Albert L. Ortega/Gettyimages
Carrie Fisher and Mark Hamill
Carrie and I occupied a unique area in each other’s lives. It was like we were in a garage band together that somehow hit it huge. We had no idea the impact Star Wars would have on the world. I remember we were out on tour right before the movie opened. By the time we got to Chicago, there was a crowd at the airport. I said, ‘Hey look, you guys, there must be somebody famous on the plane.” I was looking around to see who it might be. And then in the crowd I saw a kid dressed in a Han Solo vest. Then I saw a girl dressed like Princess Leia. I said, “Oh my God, look, Carrie, there’s somebody dressed just like you. She’s got the buns on her head!”The first time I met Carrie was at dinner in London before we started filming together. I had been the first one to go over to Africa with Sir Alec Guinness and the robots, to do all the desert planet stuff, then I came back to London and then Harrison Ford came over. Carrie was the last piece in the puzzle to come to London. So I said to the production office, “I’d like to meet her before we work together.” They worked out that we’d meet for dinner. You know, she was 19 years old at the time. I was a worldly 24. So I was thinking, “Oh my God, it’ll be like working with a high school kid.” But I was just bowled over. I mean she was just so instantly ingratiating and funny and outspoken. She had a way of just being so brutally candid. I’d just met her but it was like talking to a person you’d known for 10 years. She was telling me stuff about her stepfather, about her mom, about Eddie Fisher — it was just harrowing in its detail. I kept thinking, “Should I know this?” I mean, I wouldn’t have shared that with somebody that I had trusted for years and years and years. But she was the opposite. She just sucked you into her world.

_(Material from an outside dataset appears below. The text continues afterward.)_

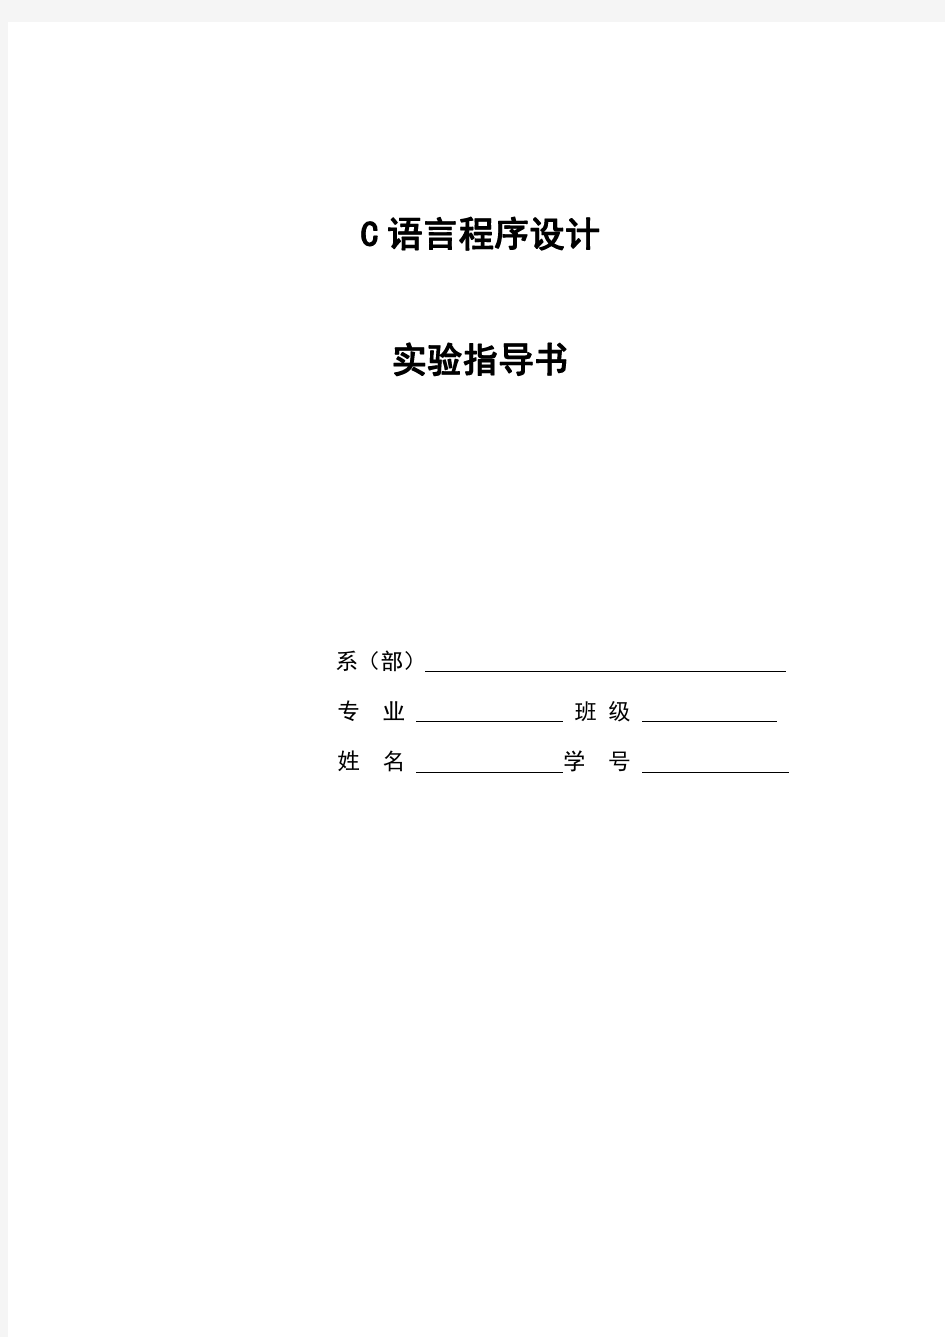 C语言实验指导书 (2012)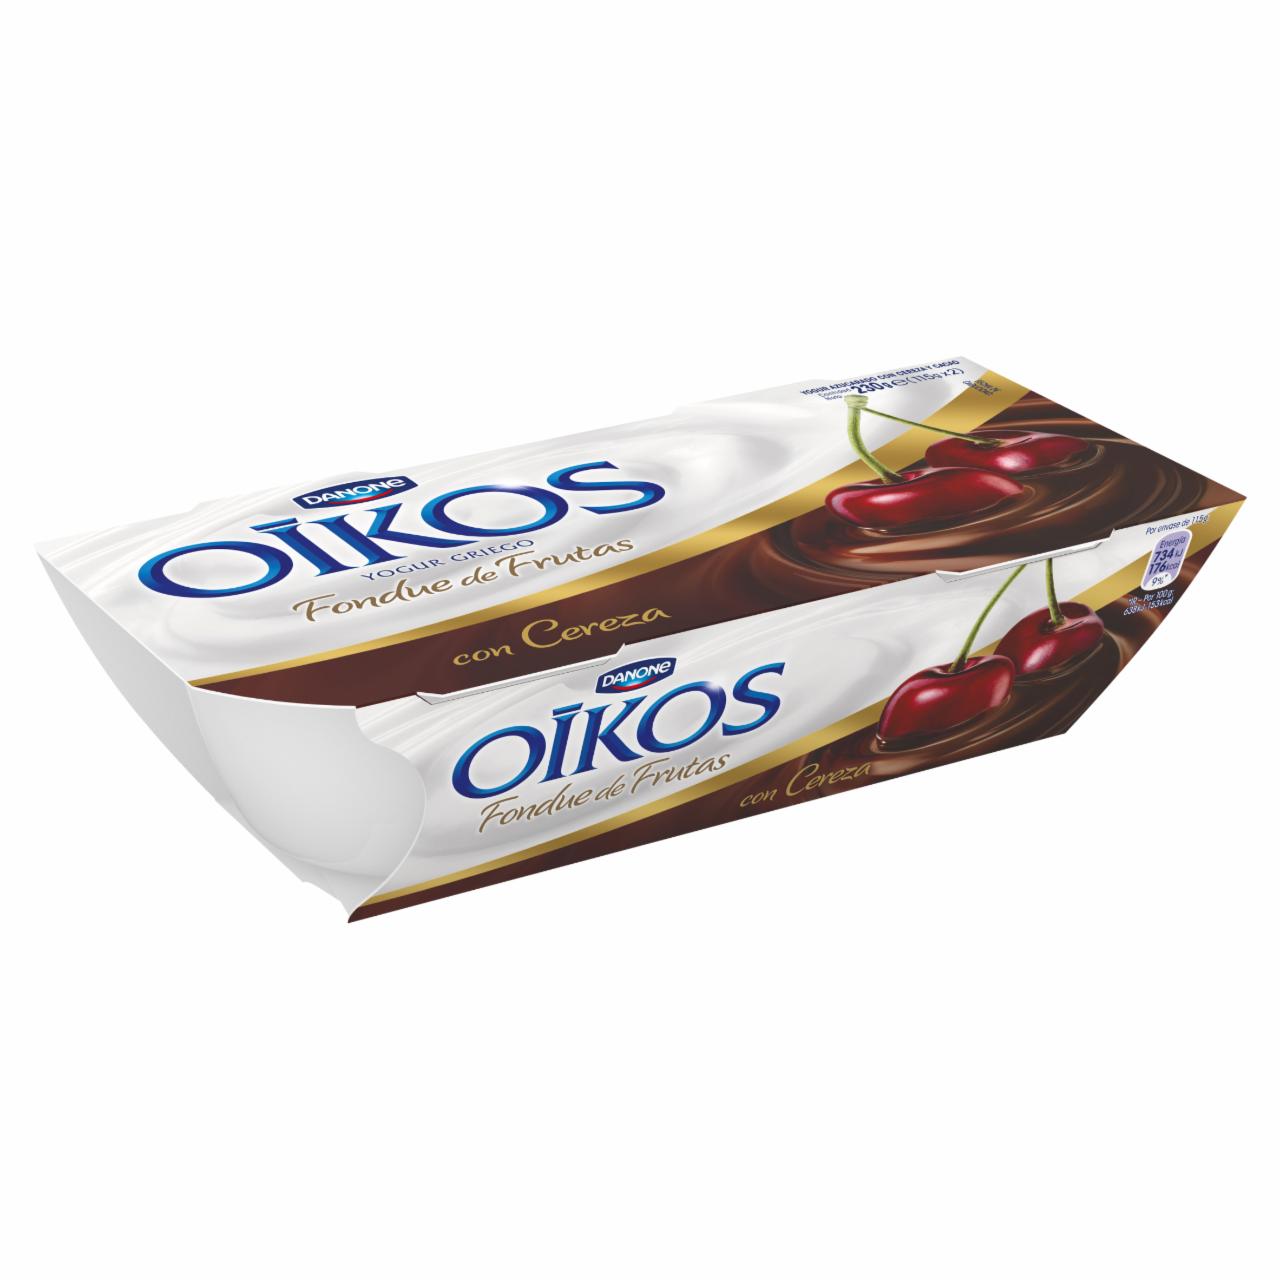 Képek - Danone Oikos Extreme élőflórás görög krémjoghurt kakaó-cseresznye öntettel 2 x 115 g

I was so middle class. Growing up, the closest thing to a celebrity we had was our next door neighbor, who was a baggage handler who returned Jerry Lewis’ wallet that fell on the tarmac in San Diego. But Carrie was something completely different. She dropped out of high school to be in the chorus of Irene on Broadway. I was just in awe of her.

She was so committed to joy and fun and embracing life.